Among the reasons risk and security officers cite for not purchasing cybersecurity insurance: expensive premiums, too many exclusions, restrictions and uninsurable risks and inability to get insurance underwritten because of current risk profile.
Daniel says the recommendations for cybersecurity insurance as well as the other areas were created in a relatively short timeframe with the understanding they're not fully developed.
Take, for example, the incentive for liability limitation. The three departments point to a range of areas where more information is necessary to determine if legislation to reduce liability on program participants may appropriately encourage a broader range of critical infrastructure companies to implement the framework. These areas include reduced tort liability, limited indemnity, higher burdens of proof, or the creation of a federal legal privilege that preempts state disclosure requirements. As the framework is developed, agencies will continue to gather information about the specific areas identified in the reports related to liability limitation.
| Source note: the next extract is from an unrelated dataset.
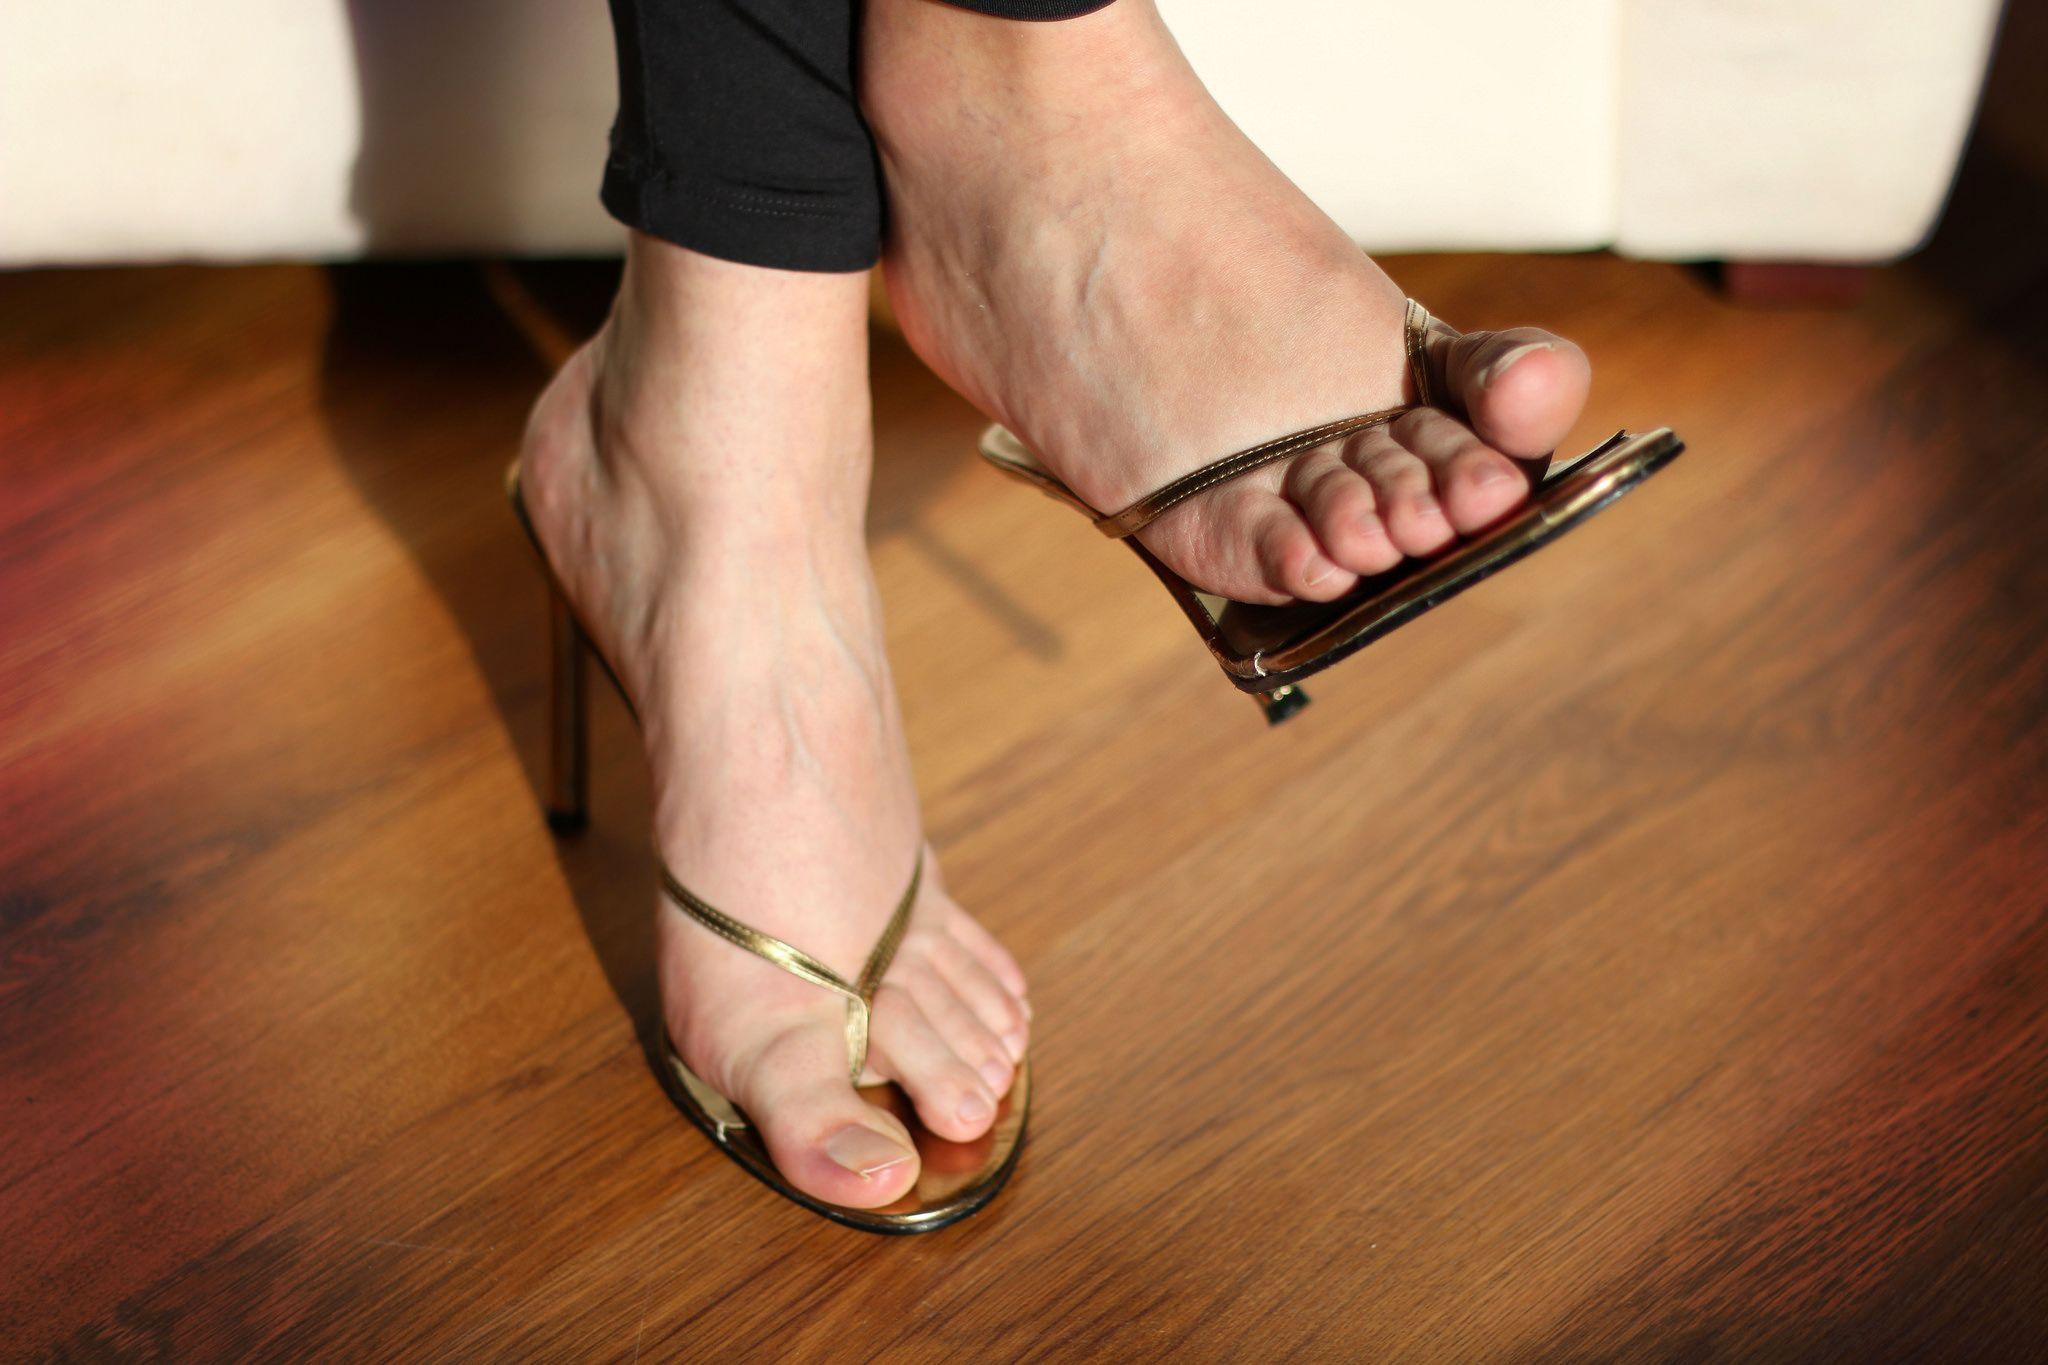 Thongs heel feet high

In his blog, Daniel addresses other areas:
- Grants: Incentivizing the adoption of the framework and participation in the voluntary program as a condition or as one of the weighted criteria for federal critical infrastructure grants is under consideration. Over the next six months, agencies will develop such criteria for consideration.
- Process reference: Participating in the voluntary program could be a consideration in expediting existing government service delivery. As an example, Daniel points out that the government sometimes provides technical assistance to critical infrastructure. Outside of incident response situations, he says, the government could use framework adoption and participation in the voluntary program as secondary criteria for prioritizing who receives that technical assistance. "The primary criteria for technical assistance would always remain the criticality of the infrastructure, but for non-emergency situations, technical assistance could be seen as an additional benefit that could help to drive adoption," Daniel says.
- Streamline regulations: The framework and voluntary program should interact in an effective manner with existing regulatory structures. As both developed, agencies will recommend other areas that could help make compliance easier, such as eliminating overlaps among existing laws and regulation, enabling equivalent adoption across regulatory structures and reducing audit burdens.
- Public recognition: Further exploration on whether optional public recognition for participants in the program and their vendors would be an effective means to incentivize participation is under consideration. DHS will work with the critical infrastructure community to consider areas for optional public recognition.
- Rate recovery for price-regulated industries: Further dialogue with federal, state and local regulators and sector specific agencies is recommended on whether the regulatory agencies that set utility rates should consider allowing utilities to recover, through higher rates, cybersecurity investments related to complying with the framework and participation in the program.
- Cybersecurity research: Once the framework is complete, agencies should identify areas where commercial solutions are available to implement the framework and gaps where those solutions do not yet exist should be identified. The government can then emphasize research and development to meet the most pressing cybersecurity challenges where commercial solutions are not currently available.
"While these reports do not yet represent a final administration policy," Daniel says, "they do offer an initial examination of how the critical infrastructure community could be incentivized to adopt the cybersecurity framework as envisioned in the executive order."